Python doesn't store the encoding information anywhere.  The coding cookie is 
used to correctly convert the bytes in the file into unicode...otherwise they 
are just treated as bytes.

For the stdin case, the encoding is associated with the input stream, and again 
you either get unicode or bytes, there is no encoding information that is 
carried along with the data.

So, when the conversion is attempted, there is no encoding information 
available to add to the error message.

--
nosy: +r.david.murray
resolution:  -> invalid
stage:  -> committed/rejected
status: open -> closed
type:  -> behavior

___
Python tracker 

___
___
Python-bugs-list mailing list
Unsubscribe: 
http://mail.python.org/mailman/options/python-bugs-list/archive%40mail-archive.com



[issue17439] insufficient error message for failed unicode conversion

2013-03-16 Thread anatoly techtonik

New submission from anatoly techtonik:

When Python 2.x compares ordinary string with unicode, it tries to convert the 
former, and shows an error message if the conversion fails. Attached example 
with Russian strings gives the following:

russian.py:11: UnicodeWarning: Unicode equal comparison failed to convert both 
arguments to Unicode - interpreting them as being unequal
  print(nonu2 == ustr2)

This message is missing information about what source encoding Python used for 
the conversion. russian.py is encoded in UTF-8, so this information at least 
will give a hint what encoding is expected.
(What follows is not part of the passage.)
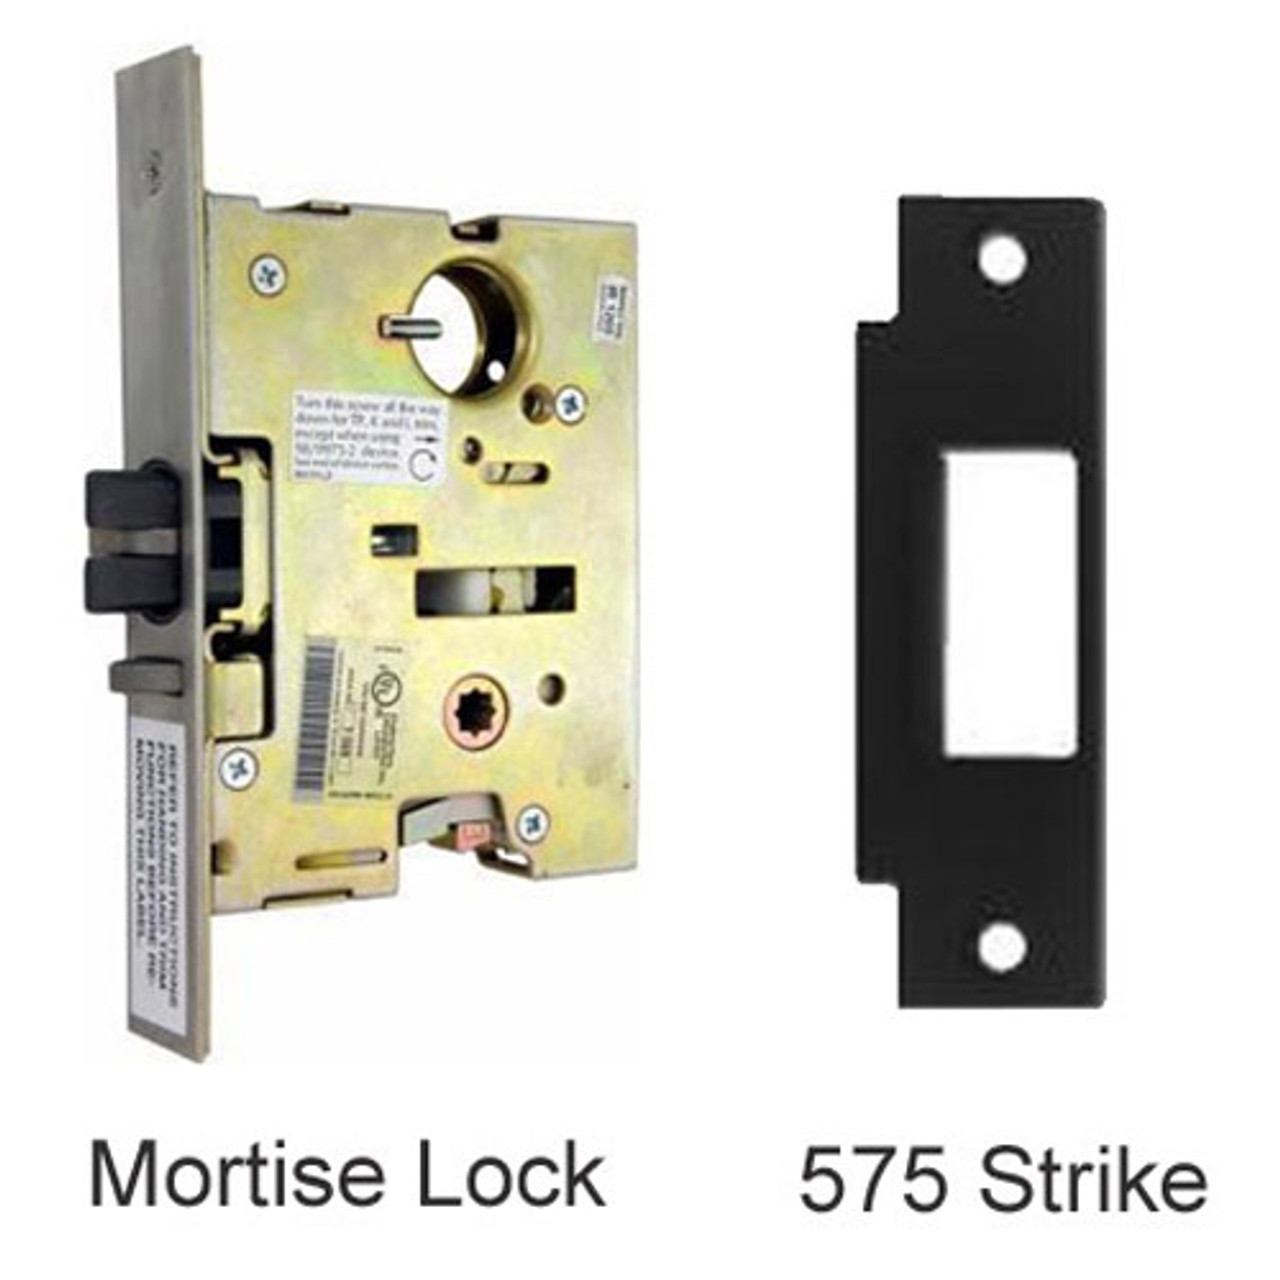 EL9875EO-US3-4 Von Duprin Mortise Lock and Strike

A little different question. As you may see, russian.py has a coding header set 
to UTF-8. When Python parses source files, it reads and stores string literals 
encountered in this file. Are those literals linked to this source file? And 
does it store this coding information somewhere? Because if it does, then 
conversion can be automatically possible without side effects. And the error 
message above could contain reference to encoding and explanation where this 
coding information was taken from (i.e. from file header).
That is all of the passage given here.